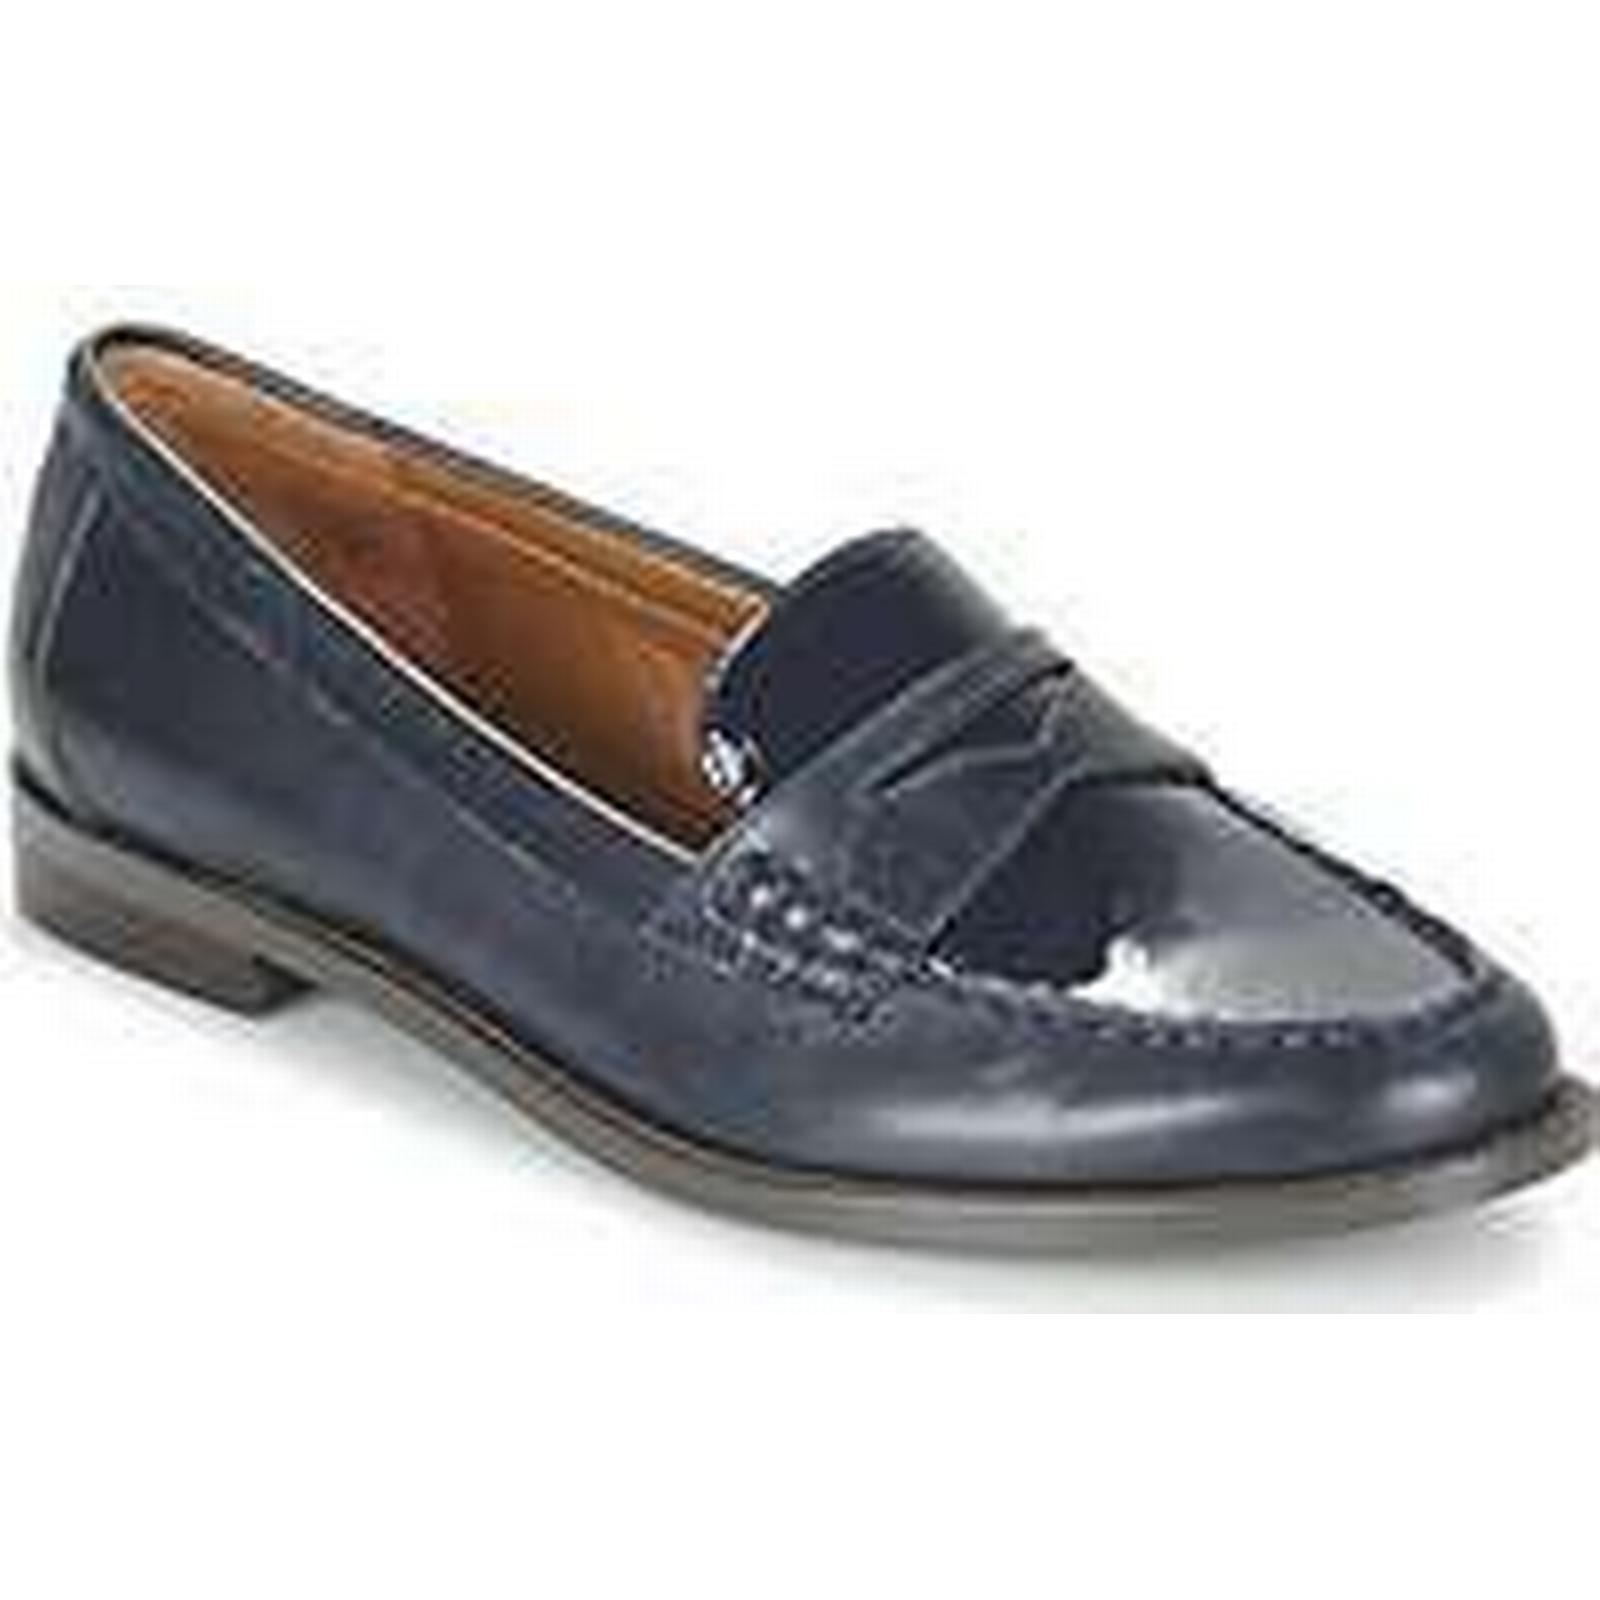 Spartoo.co.uk Lauren Ralph Lauren BARRETT SHOE Casual TAILORED women's Loafers / Casual SHOE Shoes in Blue 899023
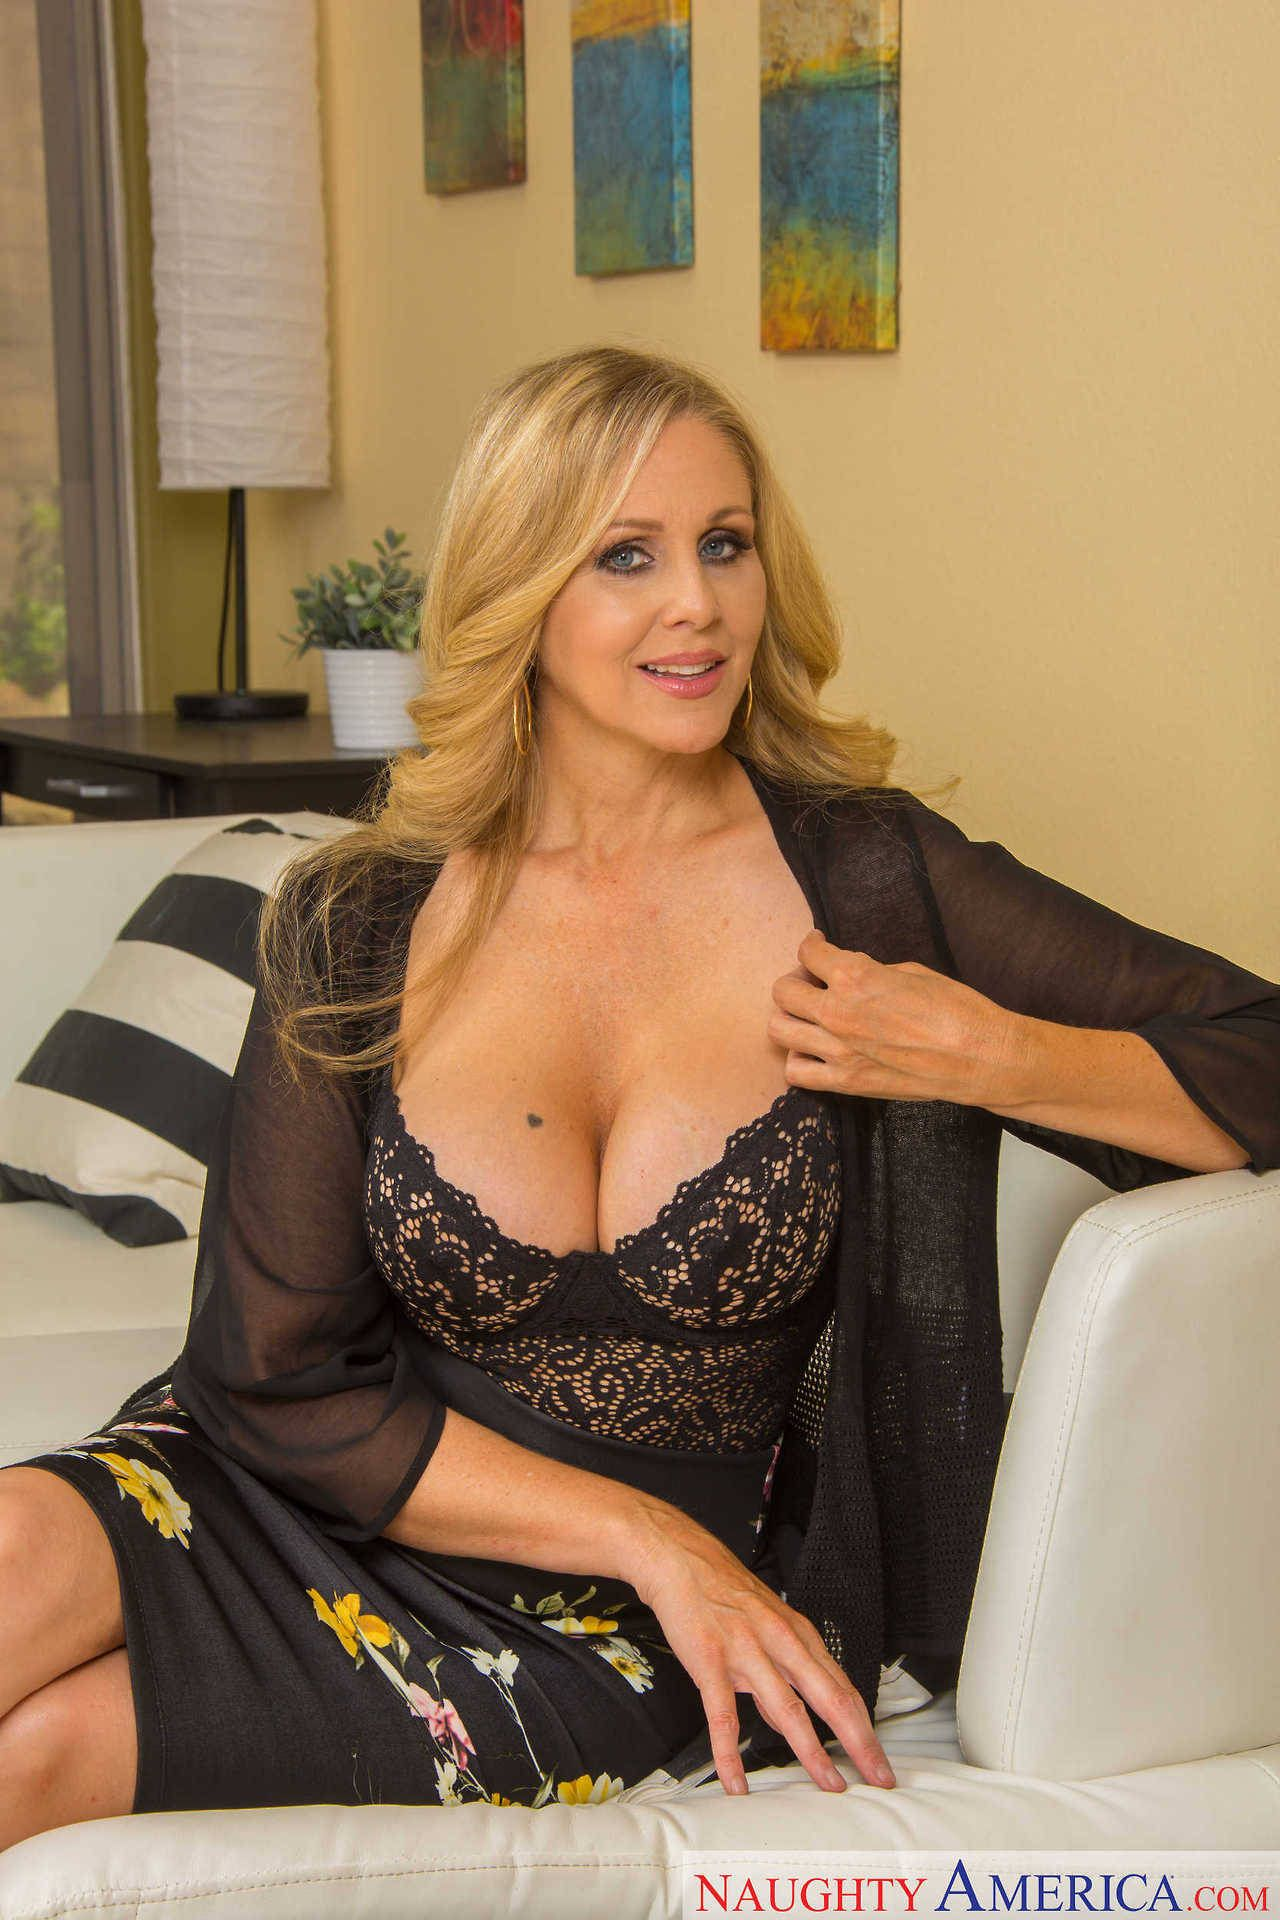 beautiful babes universe — oileduppornstars: mature porn mommy julia
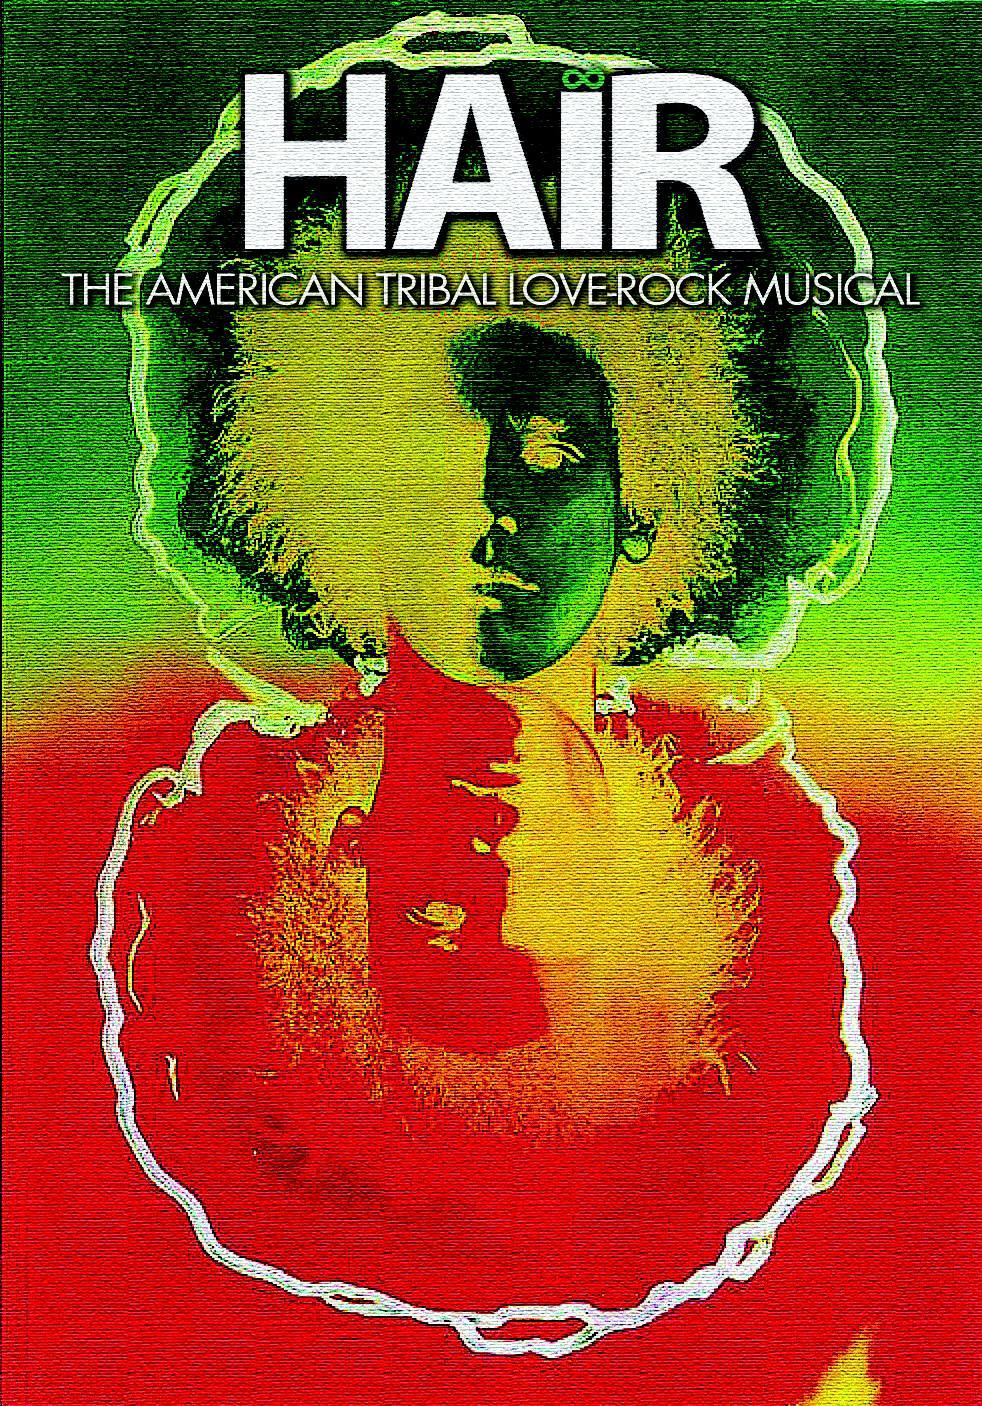 The american tribal love rock musical

_EXERCISE PROMPT_. The finished answer is an exact repetition of the listing, with every picture removed.

_OUTPUT OF THE TASK_.
 Spartoo.co.uk Lauren Ralph Lauren BARRETT SHOE Casual TAILORED women's Loafers / Casual SHOE Shoes in Blue 899023
 beautiful babes universe — oileduppornstars: mature porn mommy julia
 The american tribal love rock musical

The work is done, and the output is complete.